System Operation Failures¶
Alert Group | Alert Name | Description | Alert Processing Algorithm |
---|---|---|---|
blackbox.rules | EndpointDown | The Endpoint is unavailable, for example, a web service or LDAP server | Go to the endpoint node, use logs to determine the cause of the failure, and restore the service's operation. |
blackbox.rules | SSLCertExpiringSoon | The SSL certificate is expiring in (number of days) | Reissue the certificate or contact the issuer. |
clickhouse.rules | ClickhouseInsertRateLow | Low data insertion rate into ClickHouse | Check average insertion rate in graphs, validate ClickHouse status, and check chwriter. |
clickhouse.rules | DiskSpacePredictionCH | Disk space usage in ClickHouse will exceed N% in 3 days | Clean up old data in ClickHouse using chpolicy. |
consul.rules | ConsulServicesCountDecrease | More than N% of service processes are not running | Investigate why services are no longer registered in Consul. |
infra.rules | CPUUsageHigh | CPU usage exceeds % | Determine the cause of increased consumption and take action if necessary. |
infra.rules | MemoryUsageHigh | Memory usage exceeds % | Determine the cause of increased consumption and take action if necessary. |
infra.rules | SwapUsageHigh | Swap usage exceeds % | Determine the cause of increased consumption and take action if necessary. |
infra.rules | LoadAverageHigh | High load average | Determine the cause of increased consumption and take action if necessary. |
infra.rules | DiskSpaceUsage | Disk space usage exceeds % | Depending on the node type, take the following actions: 1) For MongoDB - unload archival collections, run compaction, as a last resort, initiate data transfer 2) For Postgres - check log sizes (log rotation, log cleaning) 3) For ClickHouse - use chpolicy, clean old data 4) Conduct investigations. |
infra.rules | DiskInodesUsageHigh | Inode usage exceeds % | Conduct investigations. |
infra.rules | SystemReboot | System rebooted | Determine the reason for the reboot. |
liftbridge.rules | CorrelatorQueueTooLarge | Message queue for the correlator service exceeds N | Check the duration of the situation in graphs, access correlator logs, and restart the service if necessary. |
liftbridge.rules | ClassifierQueueTooLarge | Message queue for the classifier service exceeds N | Check the duration of the situation in graphs, access classifier logs, and restart the service if necessary. |
liftbridge.rules | UncommitedMessagesTooMuch | Not all messages are replicated to all replicas according to the ISR number | Check the logs of all Liftbridge services, possibly one of the cluster nodes is unavailable or Liftbridge migrations are not completed. |
liftbridge.rules | StreamInvertedValue | Cursor shift occurred | Fix by recreating the stream. |
mongo.rules | MongoClasterServerCountChange | MongoDB cluster has reduced in size | Determine the cause of the member's unavailability and restore availability. |
mongo.rules | MongoConnectionLow | No open connections to MongoDB | Determine why there are no active connections. |
mongo.rules | MongoReplicationLag | MongoDB replication lag | Check logs, run resync if necessary. |
noc.rules | FMNoEscalations | Number of created incidents in the external system is zero | Check escalator logs, service status, review incident graphs. |
noc.rules | FmTooManyAlerts | High percentage of incidents | Check the situation on graphs. |
noc.rules | LateTasksOnPool | Polling task execution delay | Check graphs, check activator logs. |
noc.rules | LateTasksScheduler | Scheduler task queue overload | Check scheduler logs, review incident graphs.

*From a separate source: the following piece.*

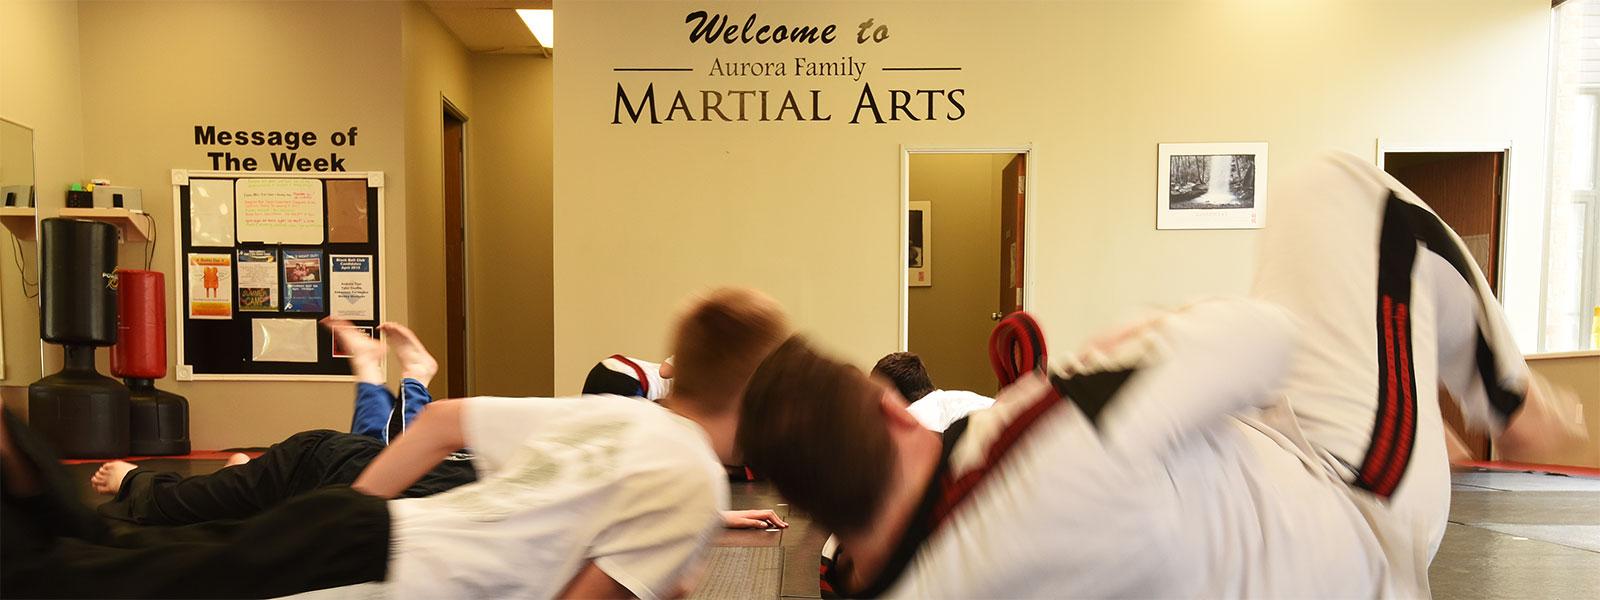 karate in aurora
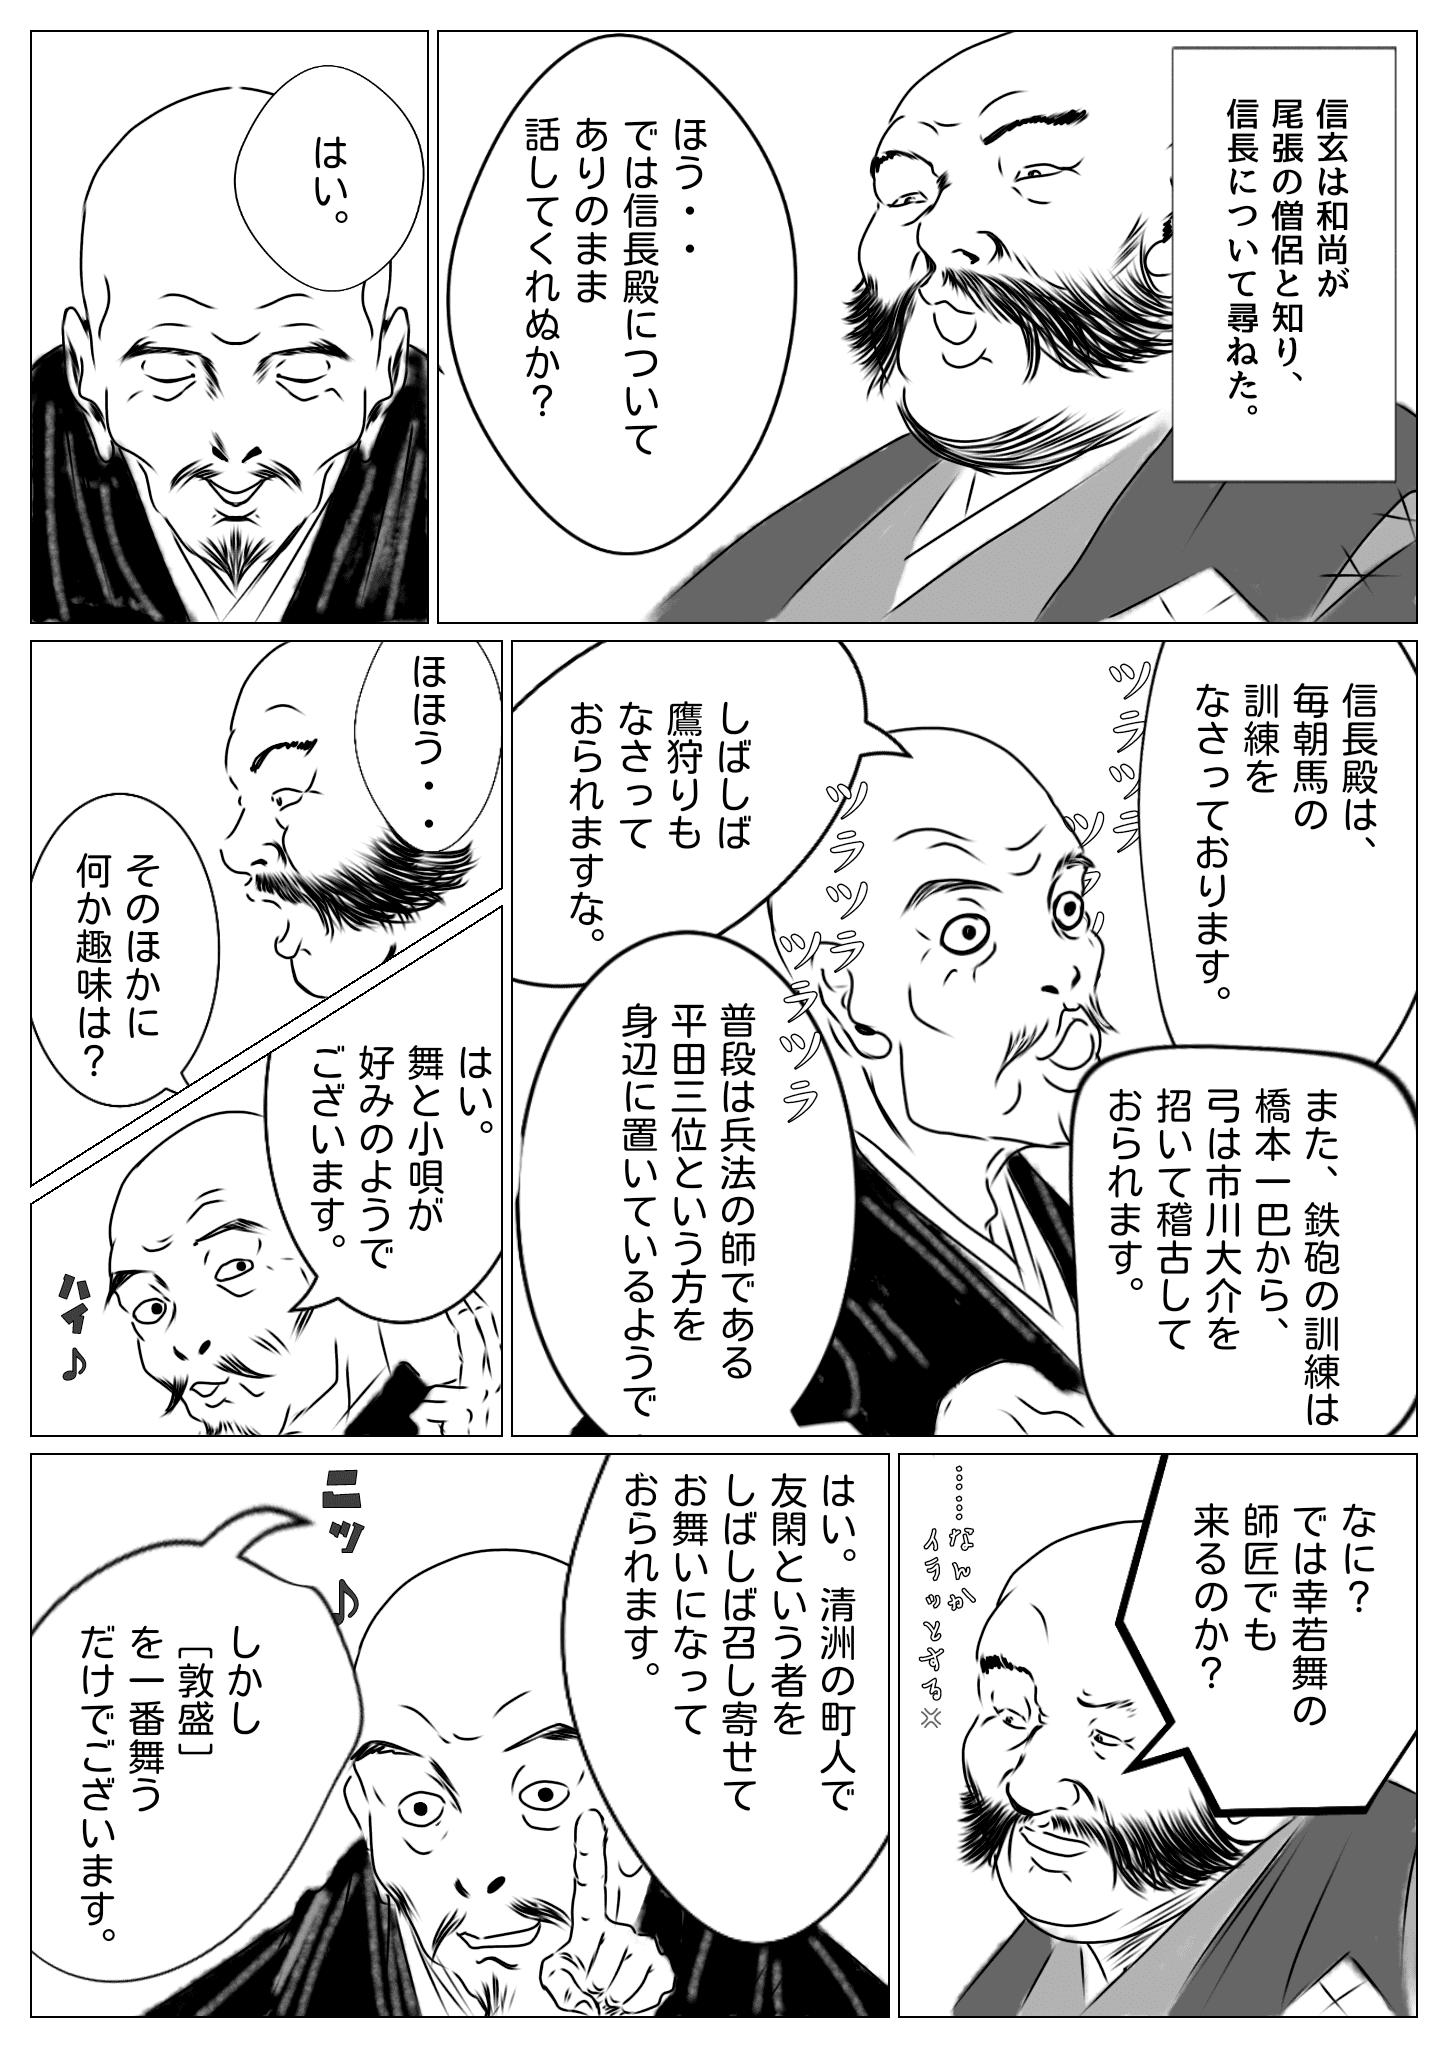 信長の日常を語る師僧天沢 2ページ

If no incidents are present, it may be due to slow response time from the database. |
noc.rules | HighTracesPerSecond | High trace generation rate from activator | Check activator logs, probably related to hardware profile errors. |
noc.rules | HighTracesPerSecond | High trace generation rate from non-activator | Check service logs, possibly related to database unavailability. |
postgres.rules | PostgresqlDeadlocksHigh | Deadlocks detected in PostgreSQL | If the situation repeats frequently, search for answers in PostgerSQL logs. |
postgres.rules | PostgresqlBackendsLow | Number of free connections to PostgreSQL | Install pgbouncer, increase the number of threads, check which PostgreSQL connections never terminate. |